Instructions for the task :: Without the pictures, give the listing below again exactly.

Given data ::
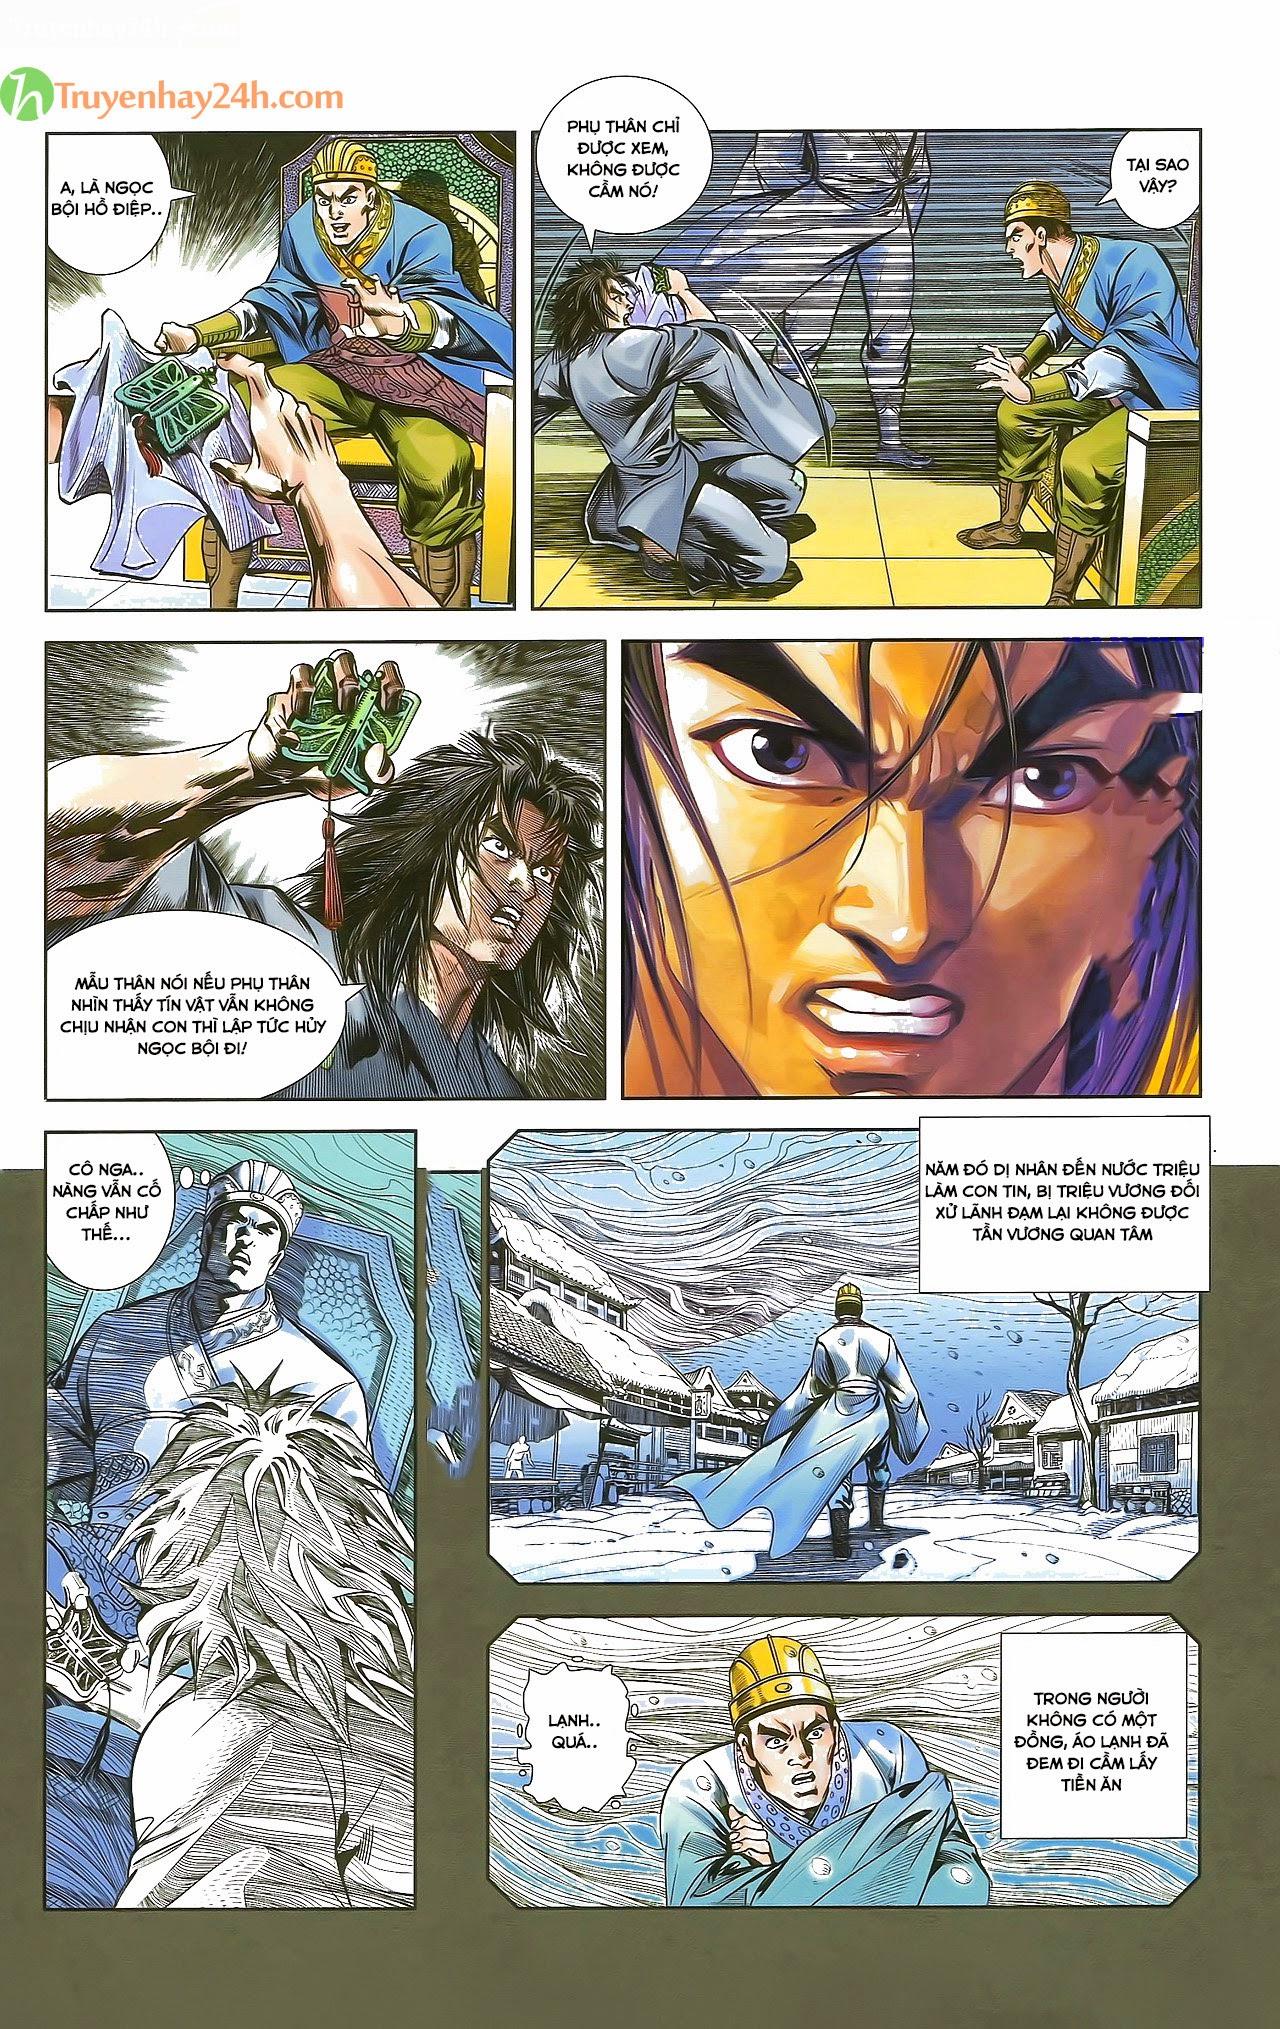 Tần Vương Doanh Chính chapter 29.1 trang 8
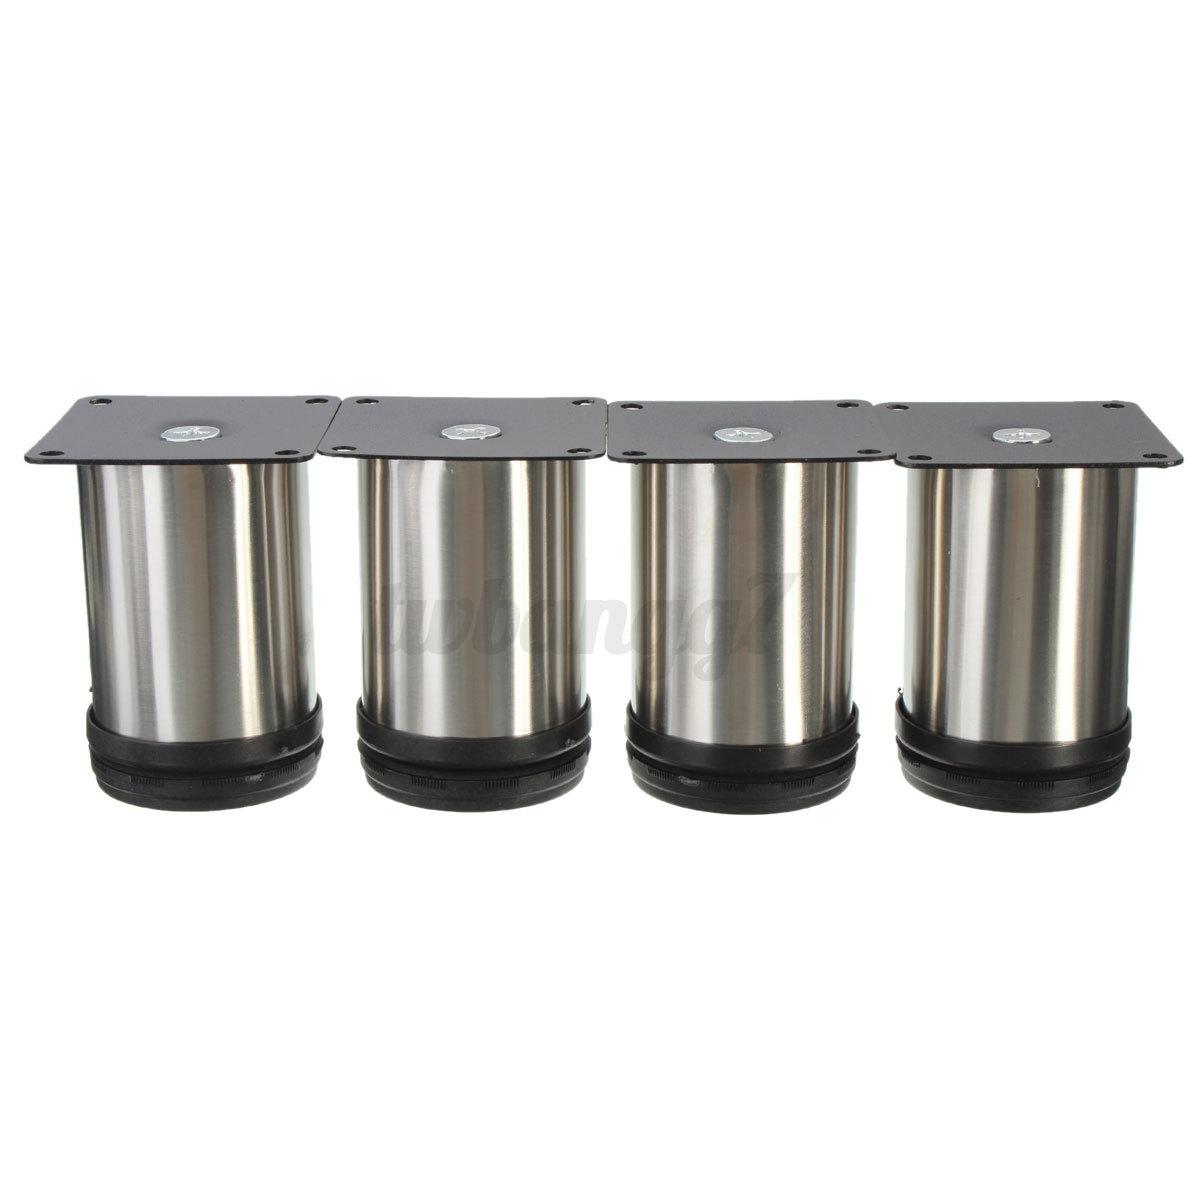 Kitchen Cabinet Feet 4x Adjustable Cabinet Plinth Legs Stainless Steel Kitchen
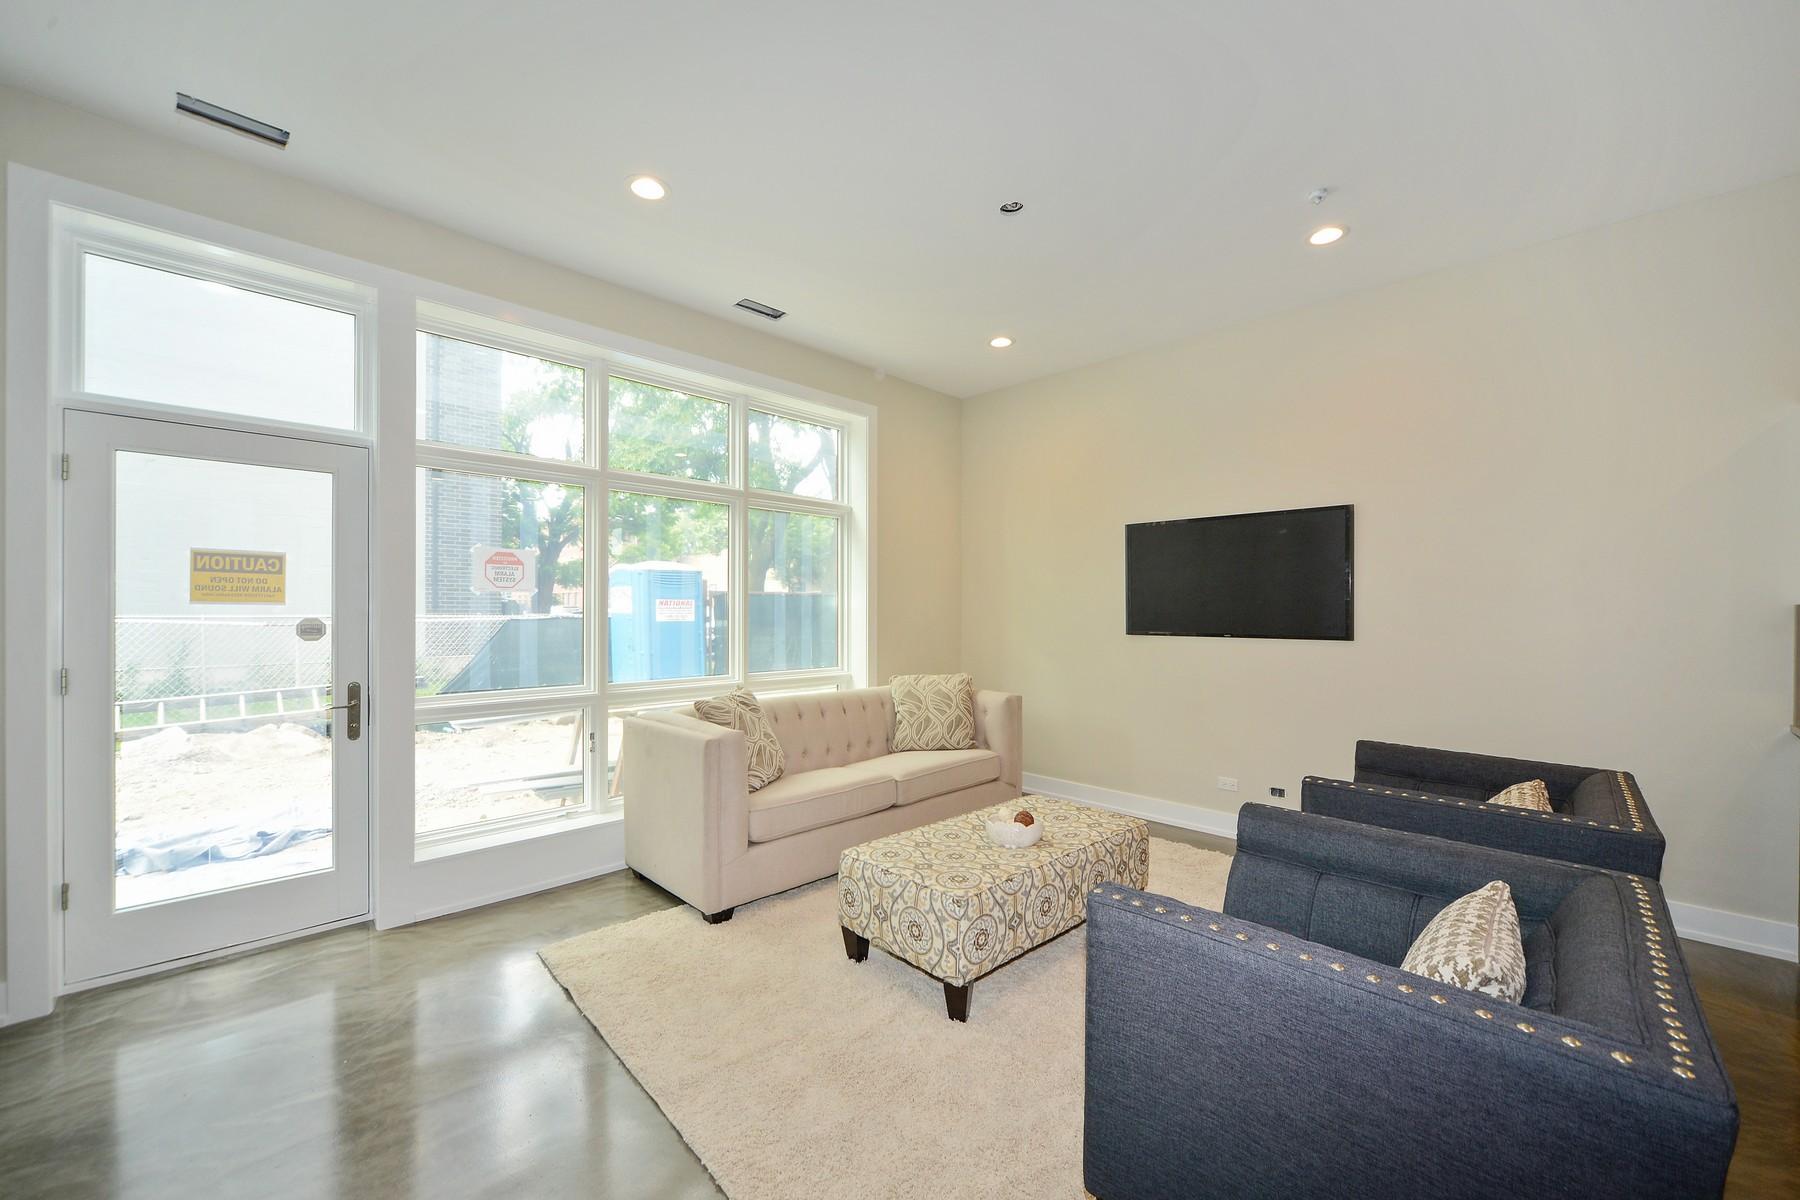 타운하우스 용 매매 에 Gorgeous and sophisticated 3 bedroom, 2.5 bath 2810 W Walton Street Chicago, 일리노이즈, 60622 미국

Answer to the problem ::
 Tần Vương Doanh Chính chapter 29.1 trang 8
 Kitchen Cabinet Feet 4x Adjustable Cabinet Plinth Legs Stainless Steel Kitchen
 타운하우스 용 매매 에 Gorgeous and sophisticated 3 bedroom, 2.5 bath 2810 W Walton Street Chicago, 일리노이즈, 60622 미국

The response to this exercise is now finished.